## SOURCE MATERIAL:
====

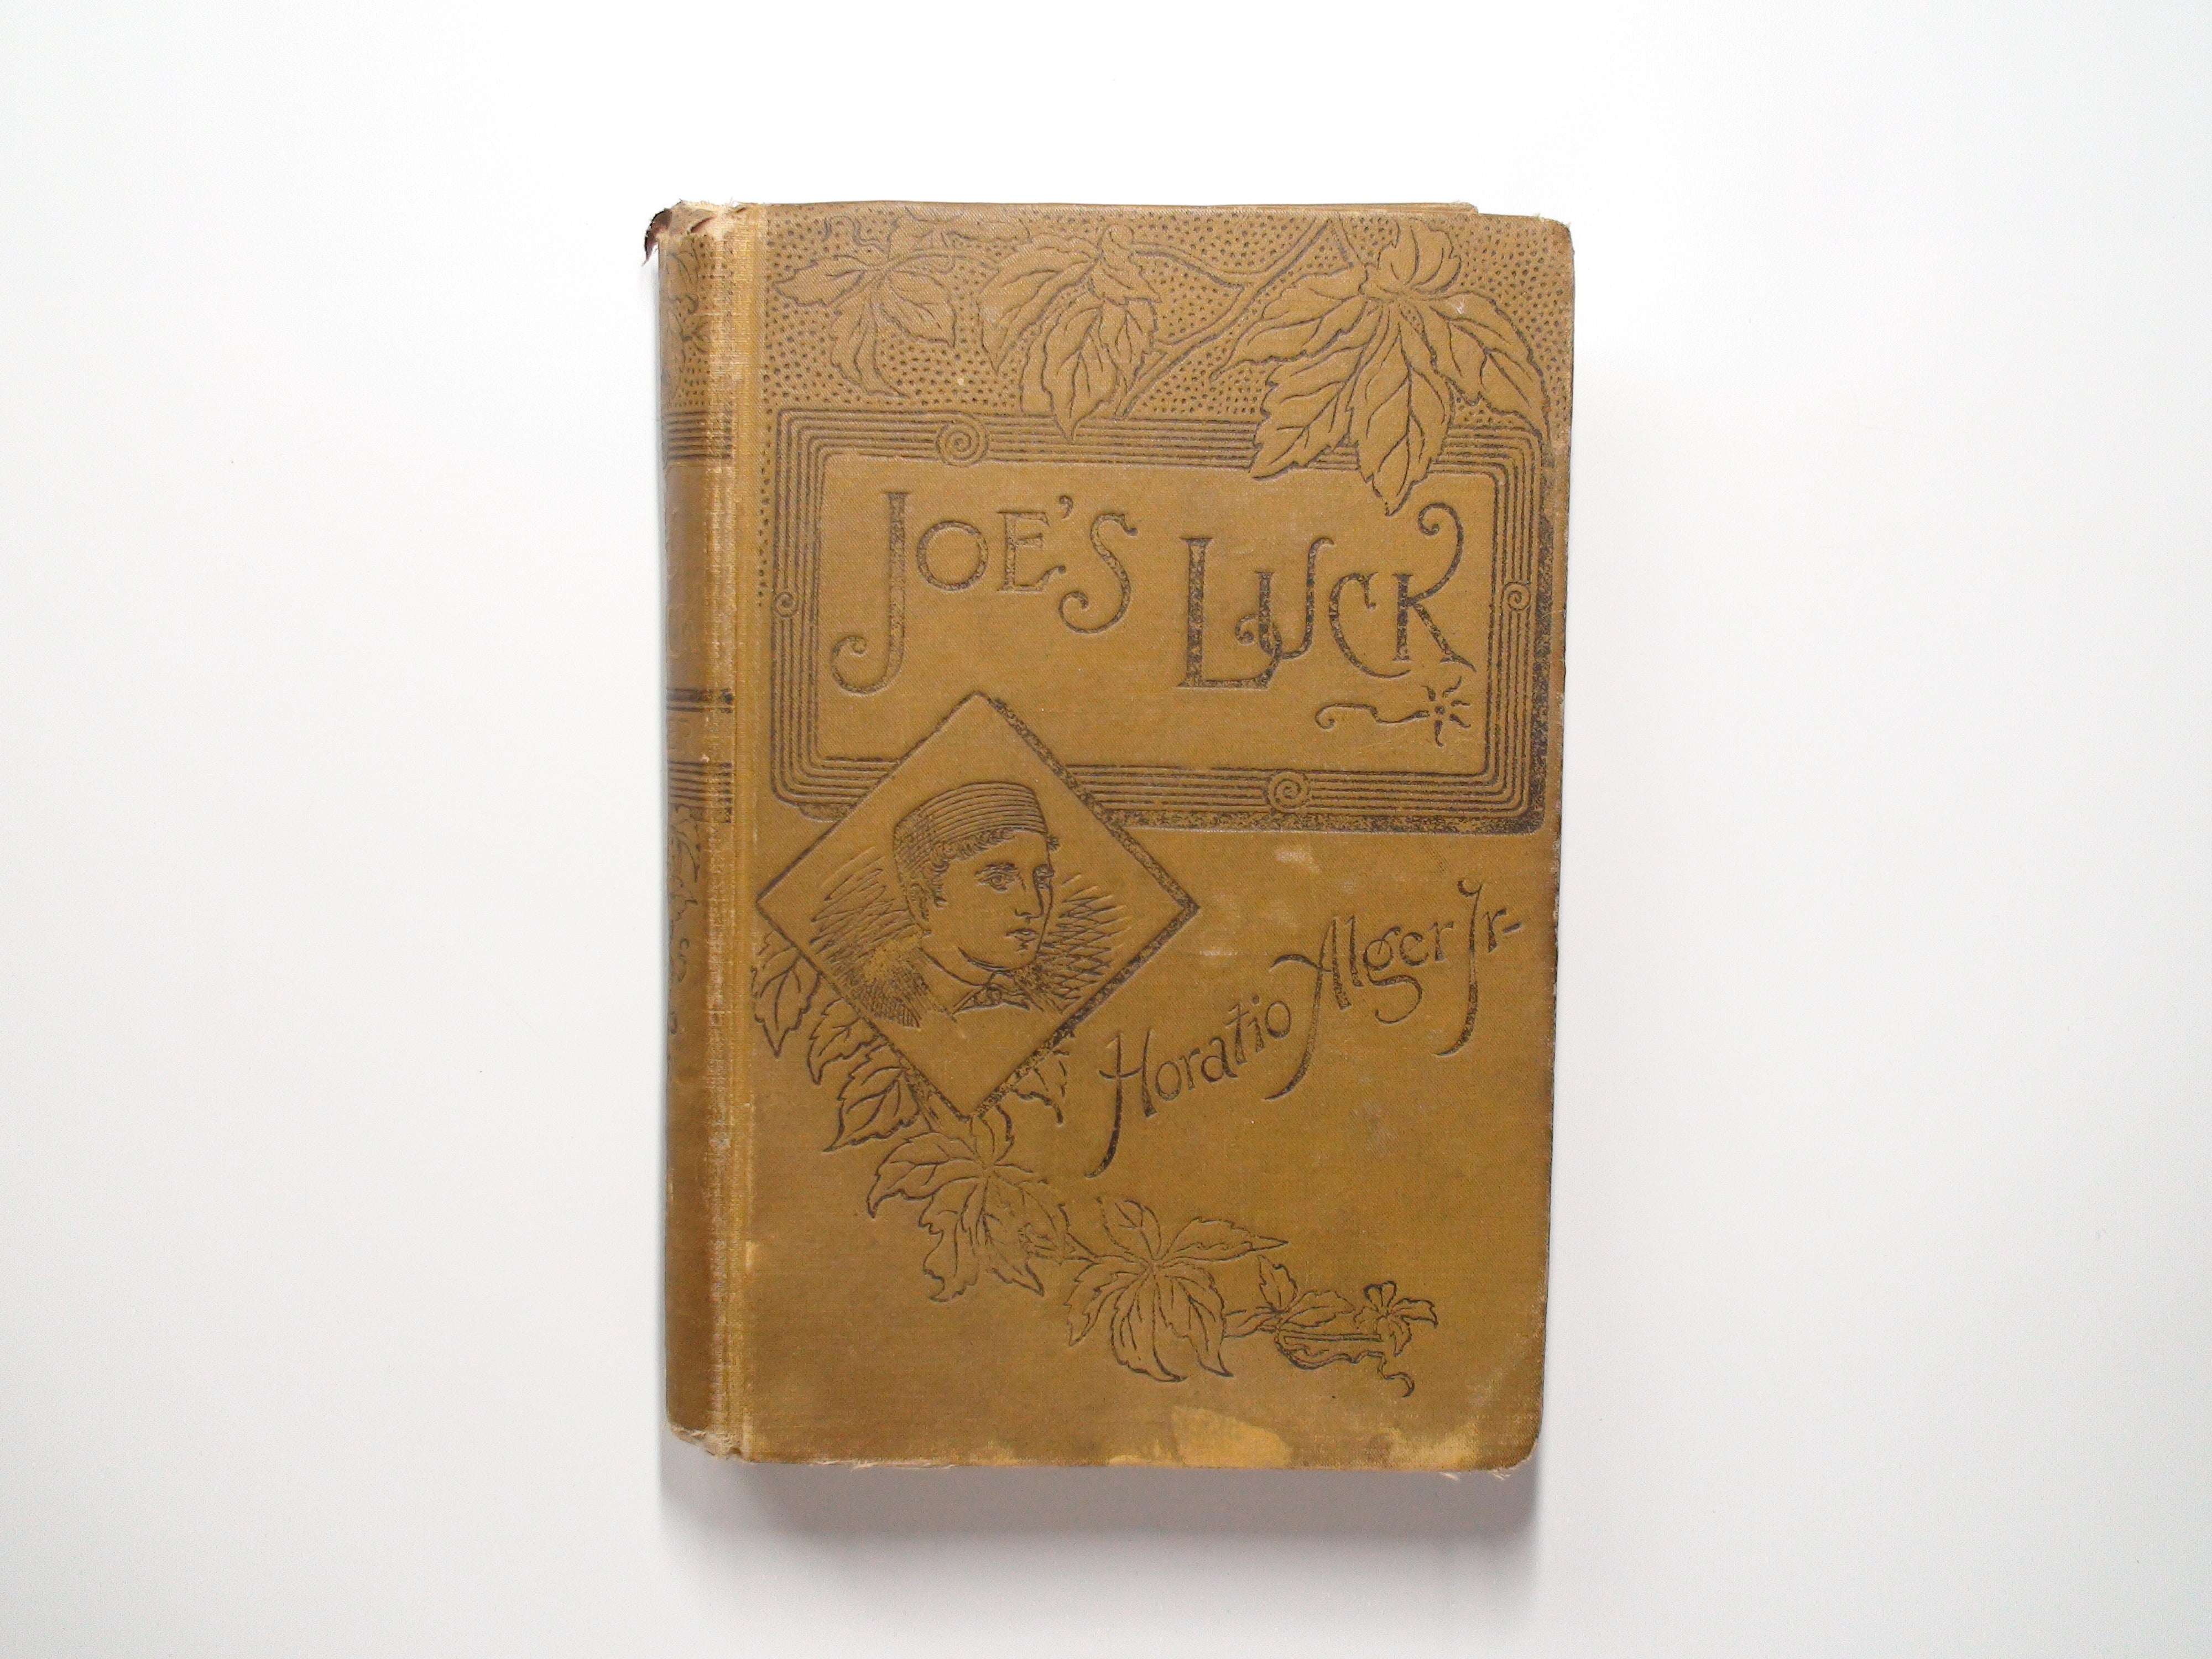 Joe's Luck, Boy's Adventures in California, by Horatio Alger, Illustrated, 1887
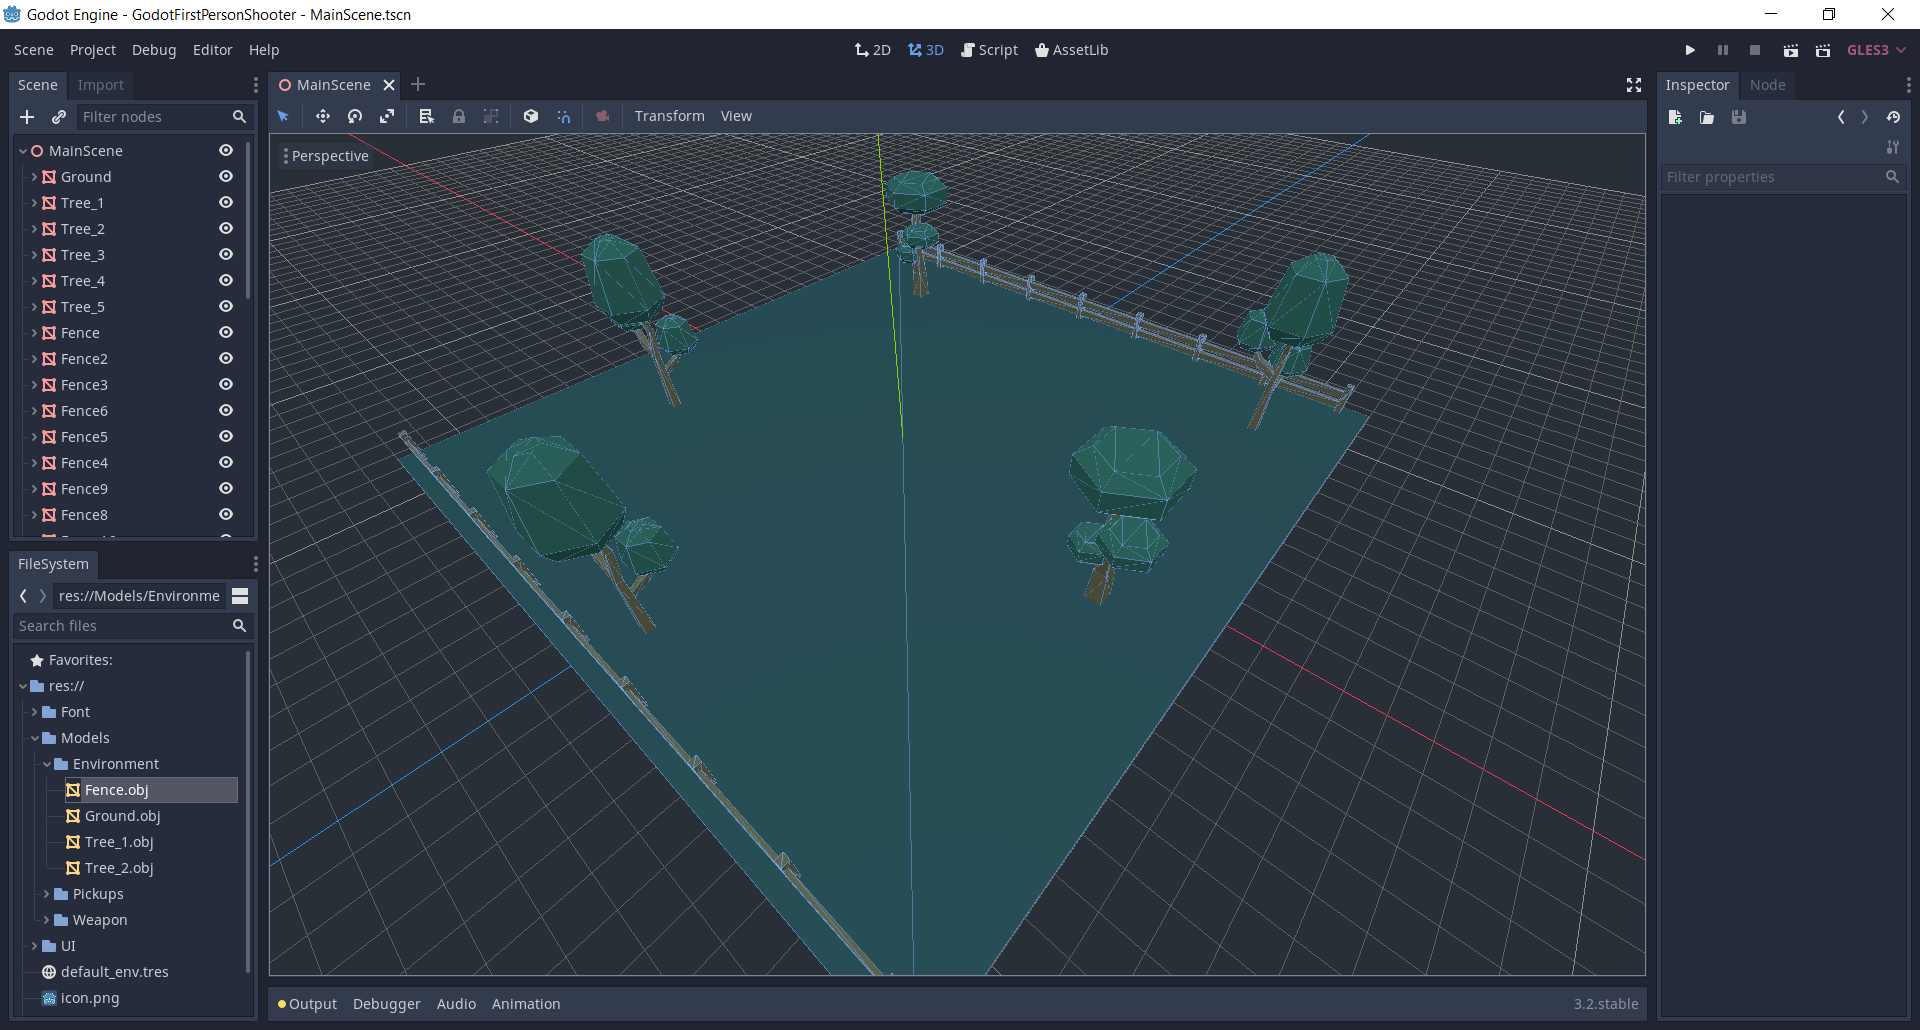 Godot level with grass plains and trees
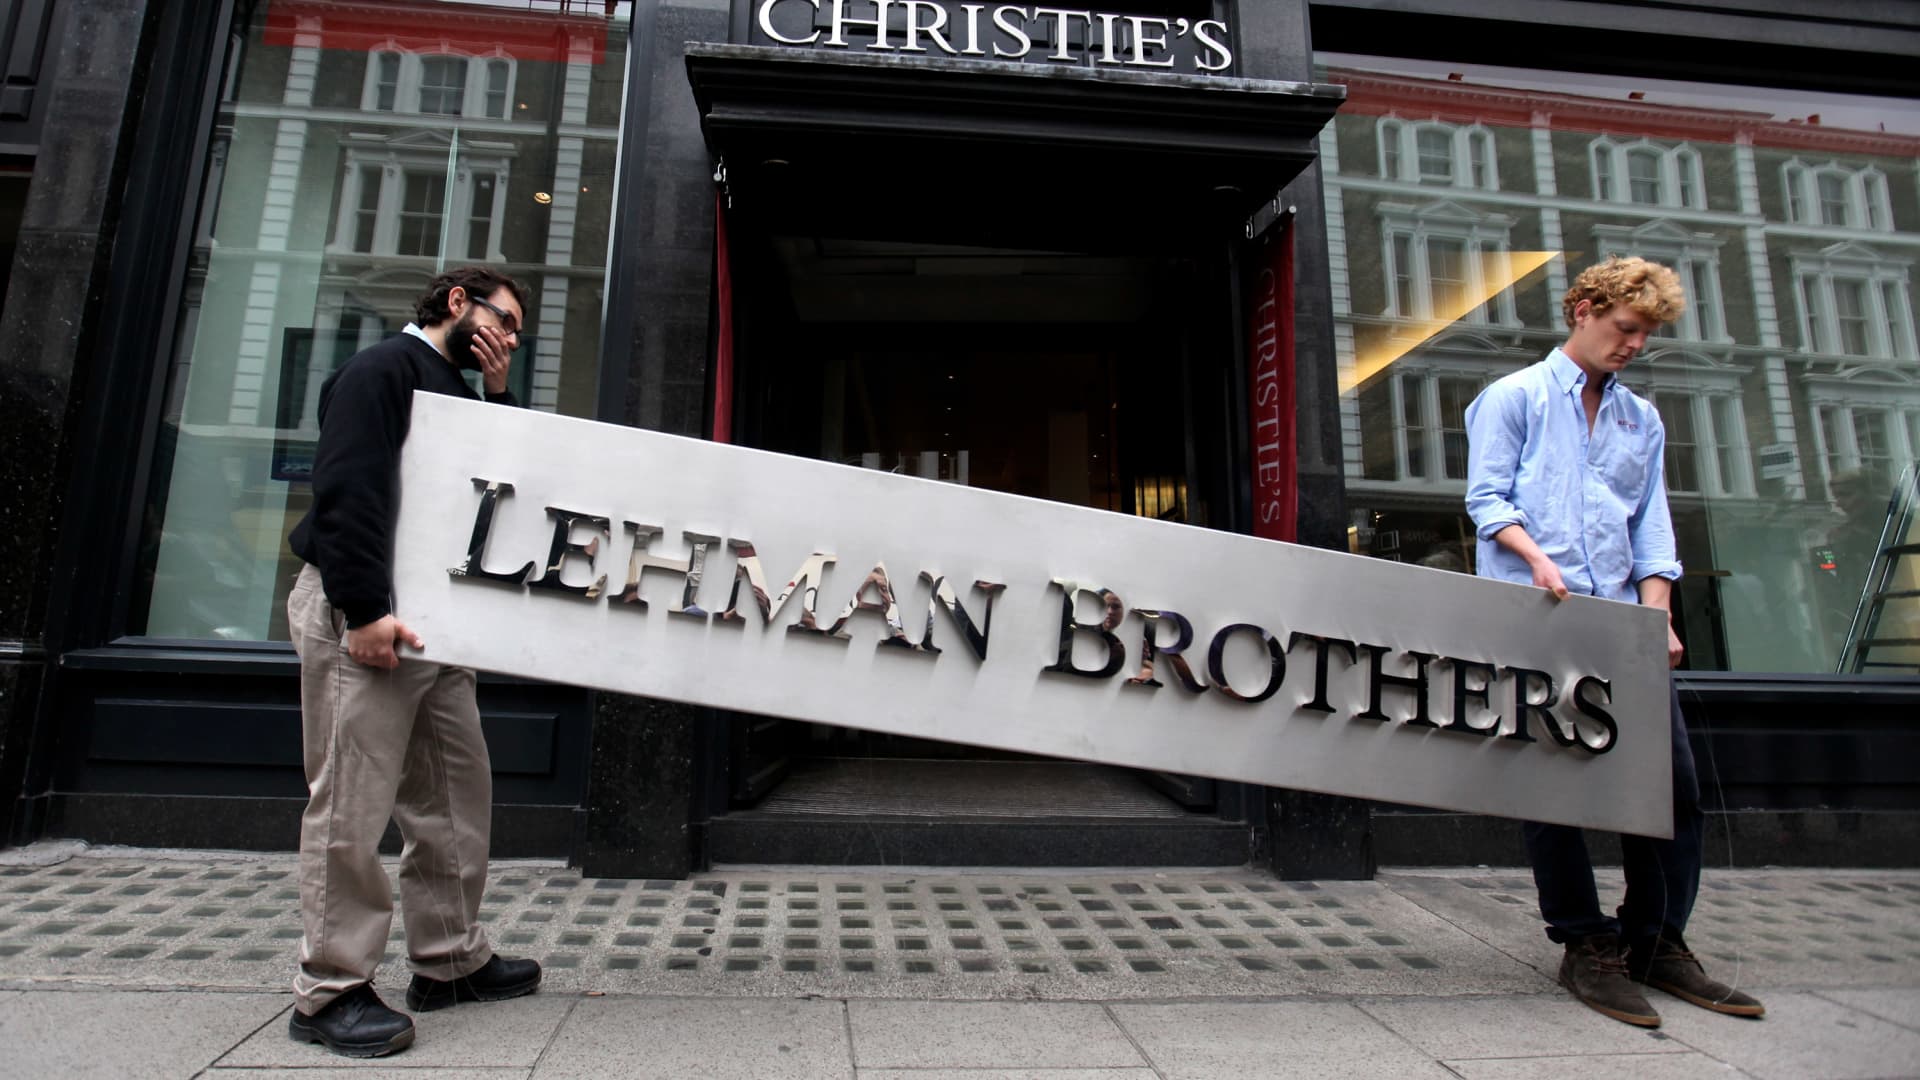 Sept. 15, 2018, will be the 10th anniversary of the collapse of Lehman Brothers, the fourth-largest investment bank in the United States. It was the d

====

## WHAT TO DO:
Your copy should match the data exactly, apart from the images, which are dropped.

## YOUR SOLUTION:
 Joe's Luck, Boy's Adventures in California, by Horatio Alger, Illustrated, 1887
 Godot level with grass plains and trees
 Sept. 15, 2018, will be the 10th anniversary of the collapse of Lehman Brothers, the fourth-largest investment bank in the United States. It was the d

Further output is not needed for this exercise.